**What the exercise asks:** Where the lines below hold images, skip those and copy every word exactly.

(Given information)

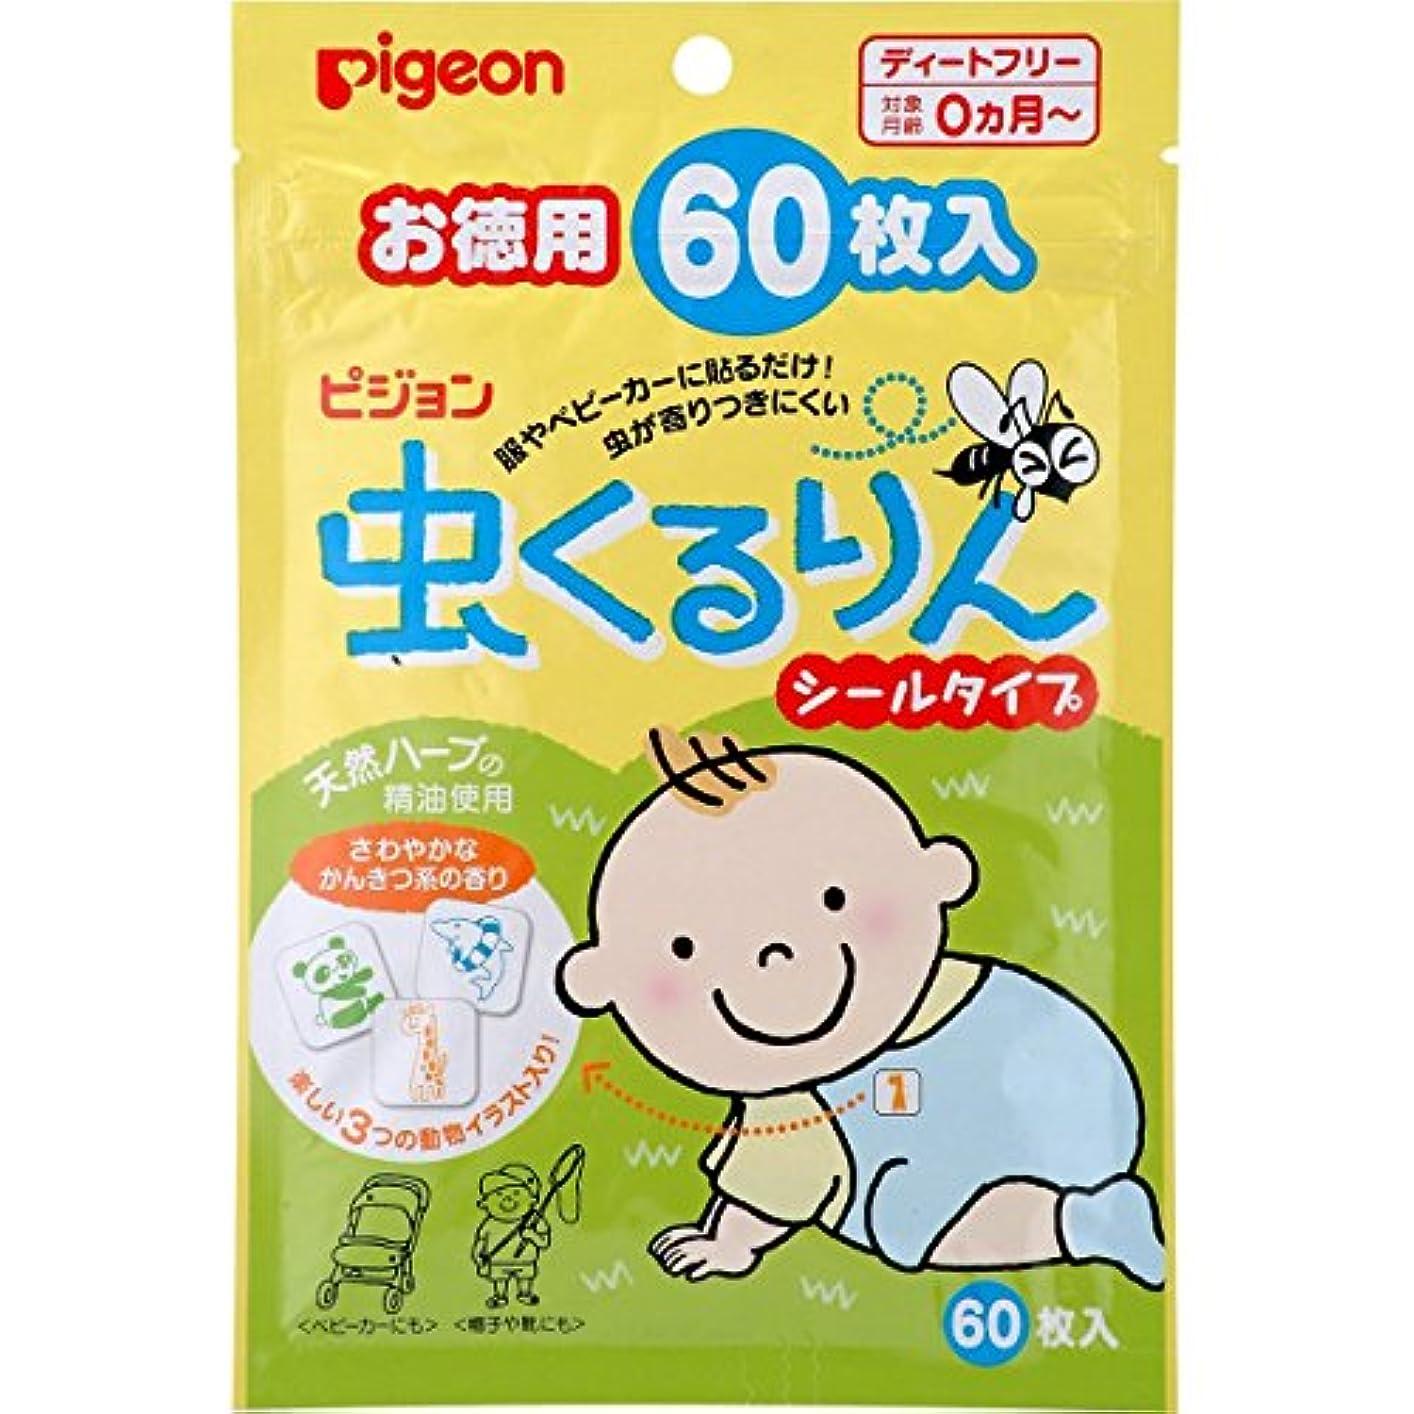 【ピジョン】虫くるりん シールタイプ お徳用 (60枚入) ×5個セット
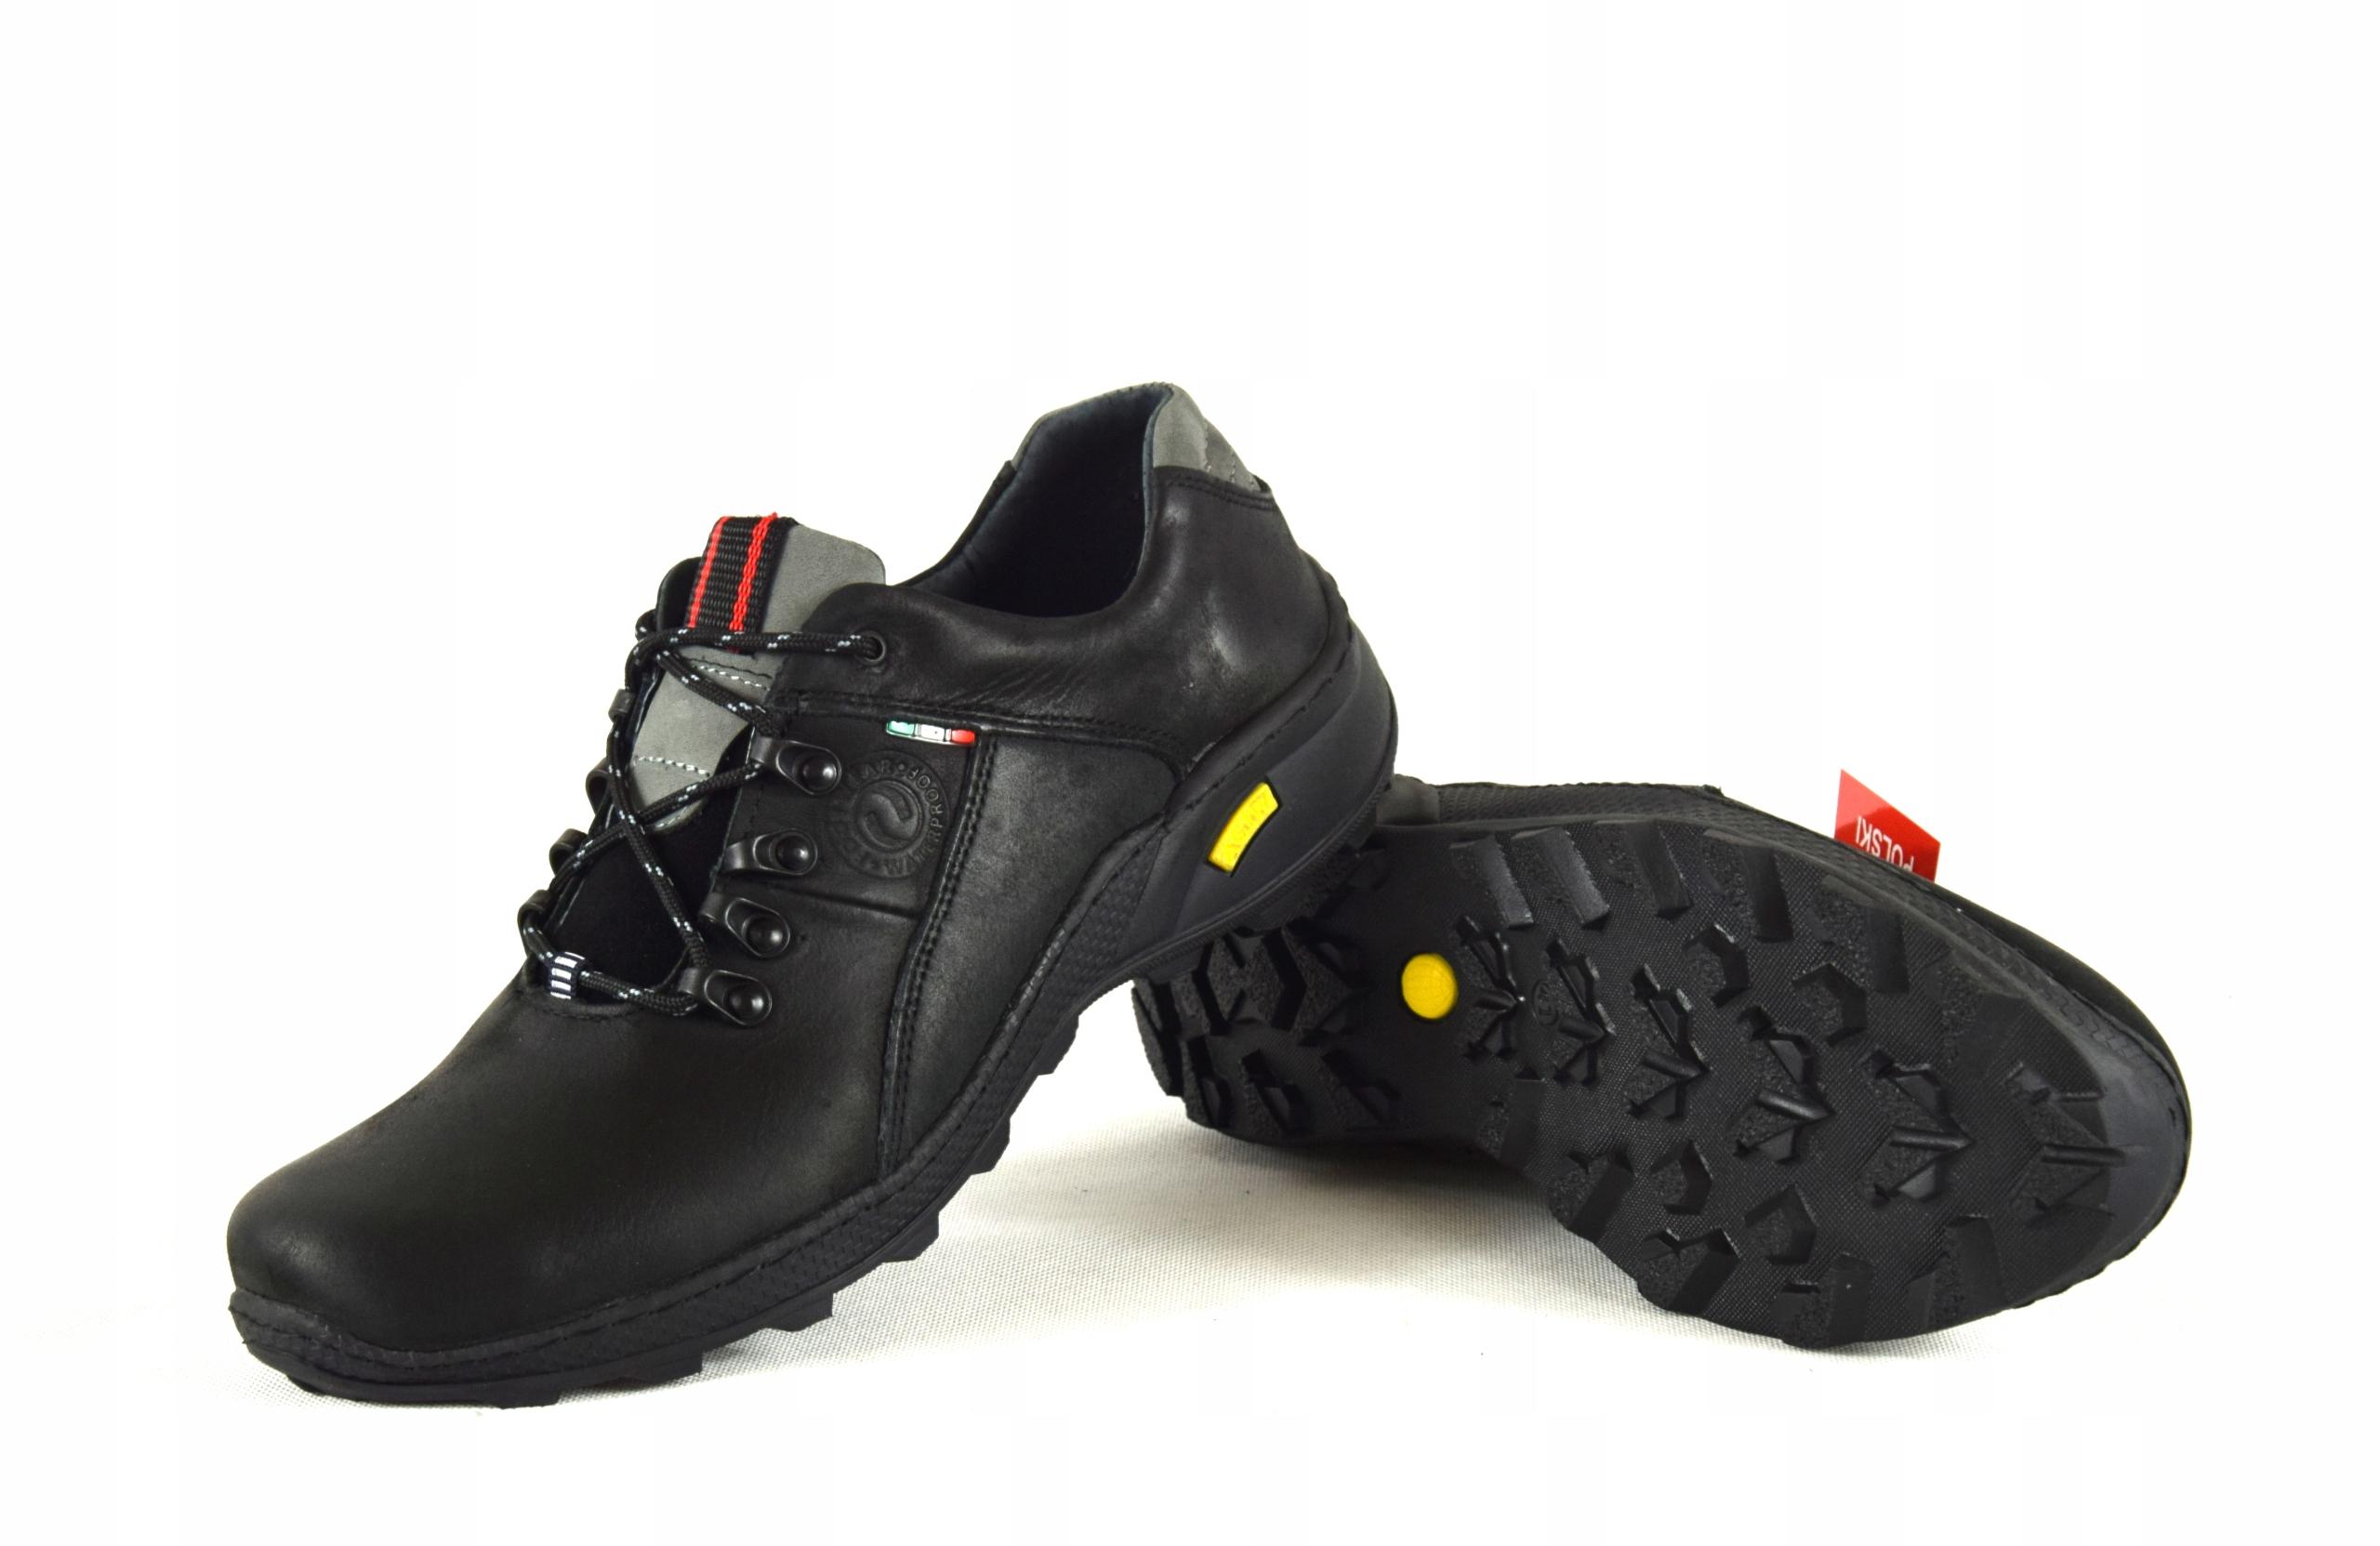 Męskie skórzane obuwie trekkingowe ze skóry 296 Długość wkładki 28.5 cm
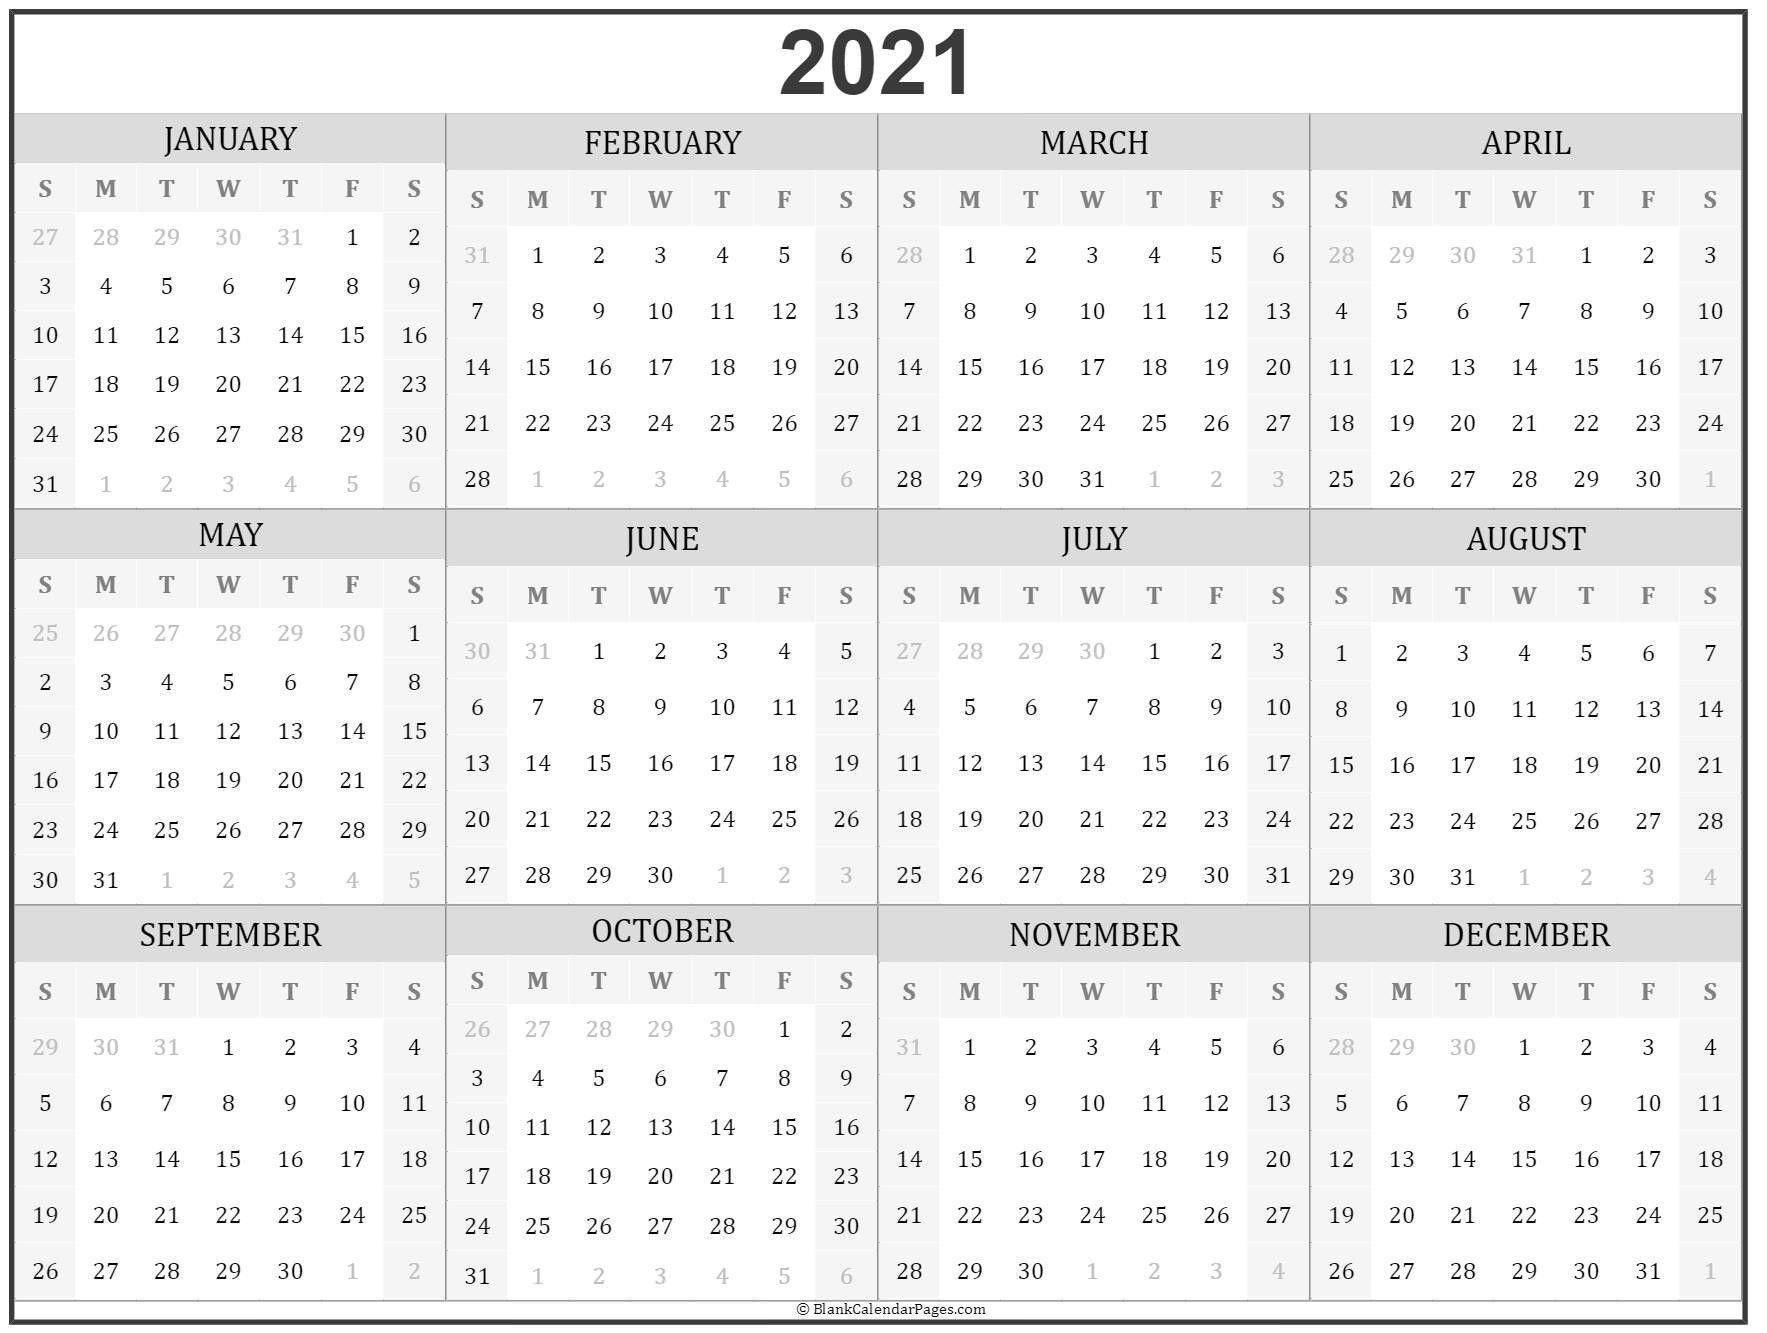 2021 Year Calendar In 2020 | Printable Calendar Design

(End Given information)

**Exercise response:**
 【ピジョン】虫くるりん シールタイプ お徳用 (60枚入) ×5個セット
 Męskie skórzane obuwie trekkingowe ze skóry 296 Długość wkładki 28.5 cm
 2021 Year Calendar In 2020 | Printable Calendar Design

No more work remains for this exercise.